It’s KubeCon/CloudNativeCon this week, the world’s largest confab for all things cloud-native, containers, Kubernetes and DevOps. Every company that’s doing anything remotely related to those topics is announcing news at the sold-out event. That includes the popular cloud hosting service DigitalOcean, which is announcing the launch of its Kubernetes-as-a-Service offering to all developers today. This is still a limited release, though, with full general availability planned for early 2019.
DigitalOcean’s service first launched into early access in May. In total, about 30,000 developers singed up for early access and the team now feels that it’s ready for a wider rollout.
Like all of the company’s service, the focus here is on simplicity. By default, there’s nothing all that simple about setting up and managing Kubernetes clusters, but DigitalOcean has abstracted away most of this and promises that the service is “production-ready” for “developers of all skill levels.”
The early access release of the service already introduced most of the basics like node provisioning, handling durable storage, firewall, load balancing and similar tools. This new release adds open APIs for integrations with existing developer tools, support for the latest versions of Kubernetes (with 1.13.1 support coming soon), as well as a new configuration experience that guides developers through the process of provisioning, configuring and deploying new clusters.
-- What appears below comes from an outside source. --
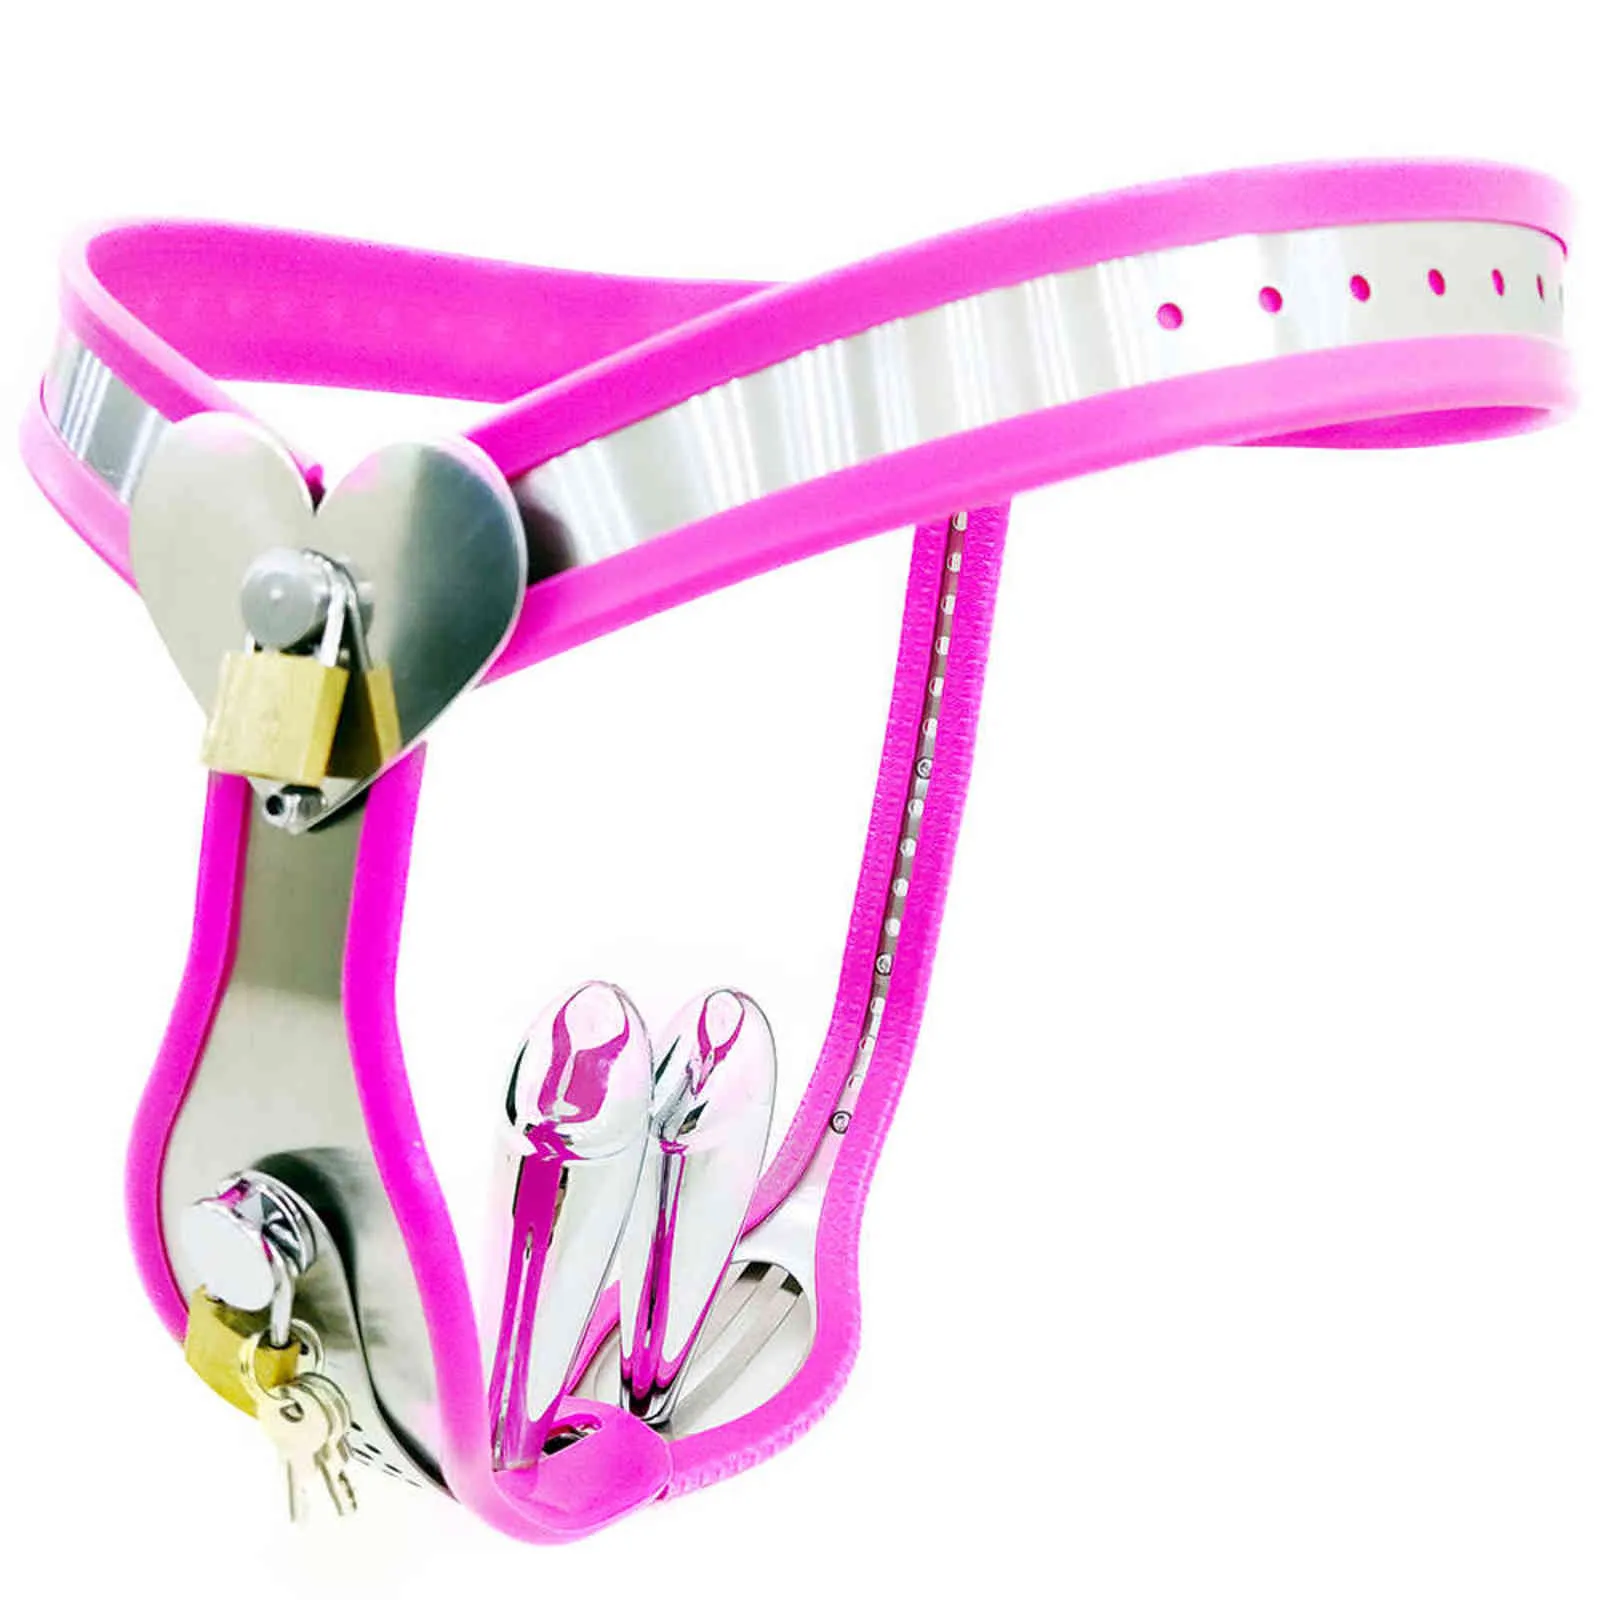 NXY Cockrings Fully Adjustable Female Chastity Belt Metal Underwear Stainless Steel Device BDSM Bondage Restraint Sex Toys For Woman 1124

“Kubernetes promises to be one of the leading technologies in a developer’s arsenal to gain the scalability, portability and availability needed to build modern apps. Unfortunately, for many it’s extremely complex to manage and deploy,” said DigitalOcean VP of Product Shiven Ramji in today’s announcement. “With DigitalOcean Kubernetes, we make running containerized apps consumable for any developer, regardless of their skills or resources.”
While Digital Ocean started out as a standard hosting company with virtual private servers, the company has recently expanded its portfolio to the point where it now looks more like a nascent cloud computing company with a set of offerings that include virtual machines, a storage service and load balancing tools. Kubernetes container support is a logical next step now that it has those pieces in place. And while the Kubernetes market often focuses on large enterprises, there’s plenty of room to grow for a company like DigitalOcean that focuses on individual developers and smaller companies — and they, too, would like to have an easy way to use and manage containers.